I need to parse the meta-data of a given PDF file to get counters of different types of objects contained in a pdf and extract the various object. Say object of type "/JavaScript" or "/ObjStm".

This topic has been closed for replies.

4 replies

Brainiac
March 2, 2021

The Cos layer is what you get. It can enumerate all actual objects. If this isn't enough for you, Adobe don't have anything else, but there are many PDF libraries out there.

VS_NoviceAuthor
Participating Frequently
March 2, 2021

Thanks!
Wanted to check is there anything other than the COS layer that can help( I may not aware of it).
Or if   Acrobat SDK has some added functionality for this as compared to PDFL SDK.

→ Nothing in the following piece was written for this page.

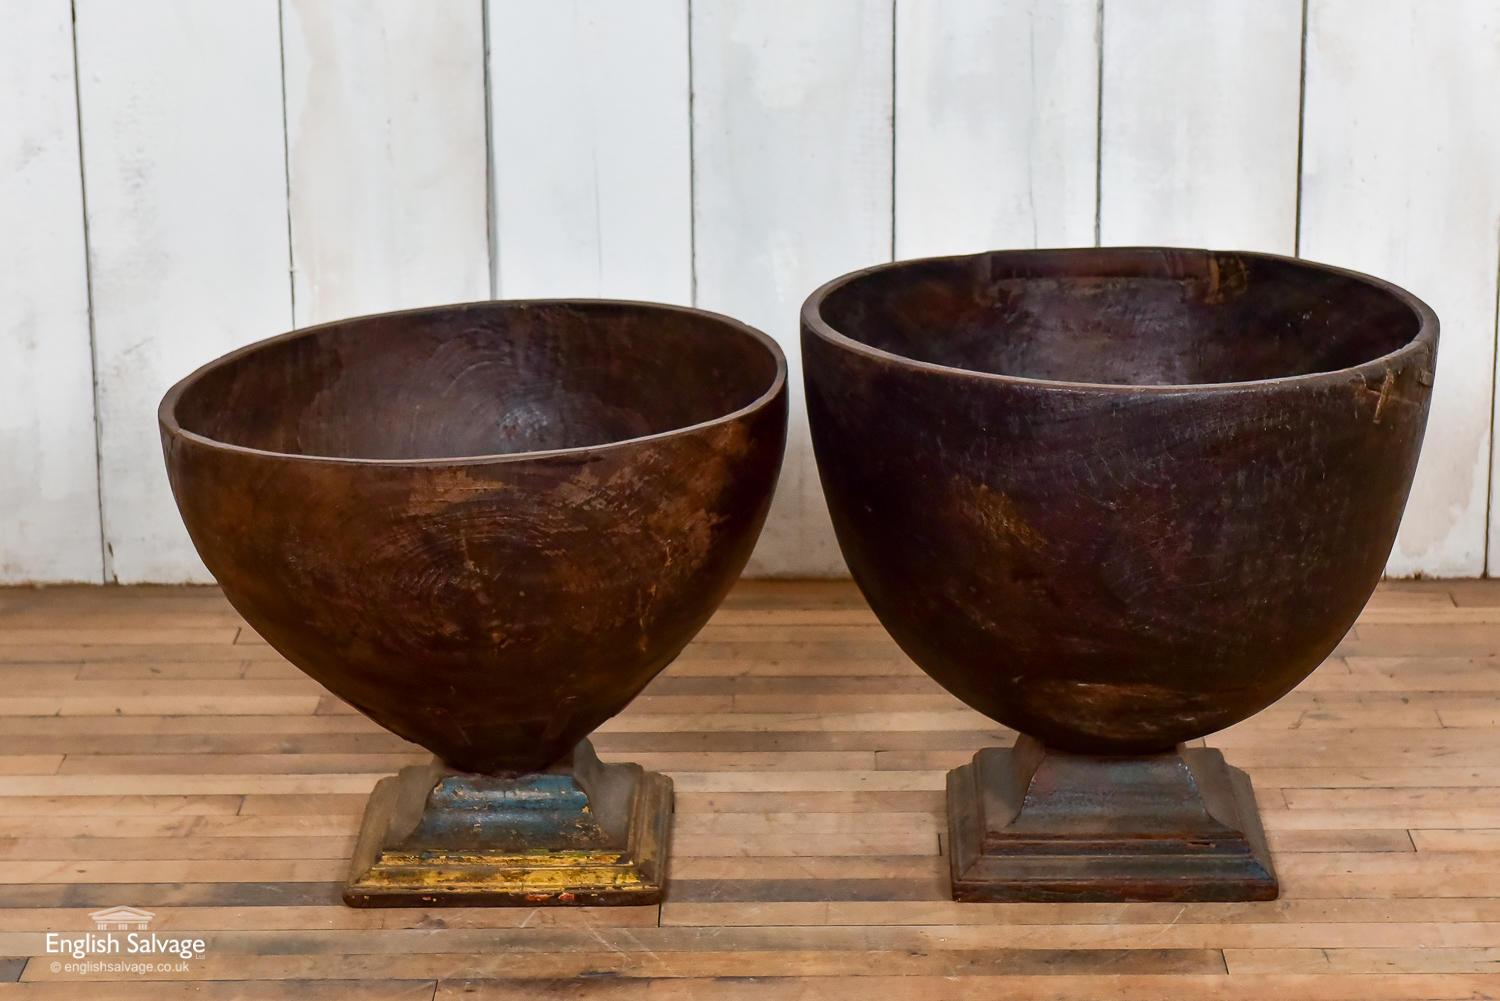 Impressive old teak bowls with strap iron reinforcements. The bowls are carved from single pieces of wood which are then mounted onto wooden stands.

I tried using open source libs, those are good but give some internal logic/ number error for a few malicious pdfs. So thought this is the most reliable one to go with.

Brainiac
March 1, 2021

The Cos API gives access to all objects. But not to objstm. 

VS_NoviceAuthor
Participating Frequently
March 2, 2021

Yeah, that's one of the cases.  And I need to maintain a counter of all kinds of objects even "/JS"  and all "/AA". So I need some sort of parser or enumerator.

try67
Adobe Expert
March 1, 2021

This type of objects are not a part of a file's metadata, but the actual data...

VS_NoviceAuthor
Participating Frequently
March 1, 2021

Yeah, true they should be called structural data of PDF.
What I am trying to do is to extract all the structural objects, based on their type, and categorize those, Basically maintaining a counter of objects in each category.

But couldn't find the right set of APIs or not even sure does the SDK enables us with any such kind of functionality.

VS_NoviceAuthor
Participating Frequently
March 1, 2021

I am trying to do with PDF Library SDK for C++.


Any leads would be really helpful.


Thanks in advance!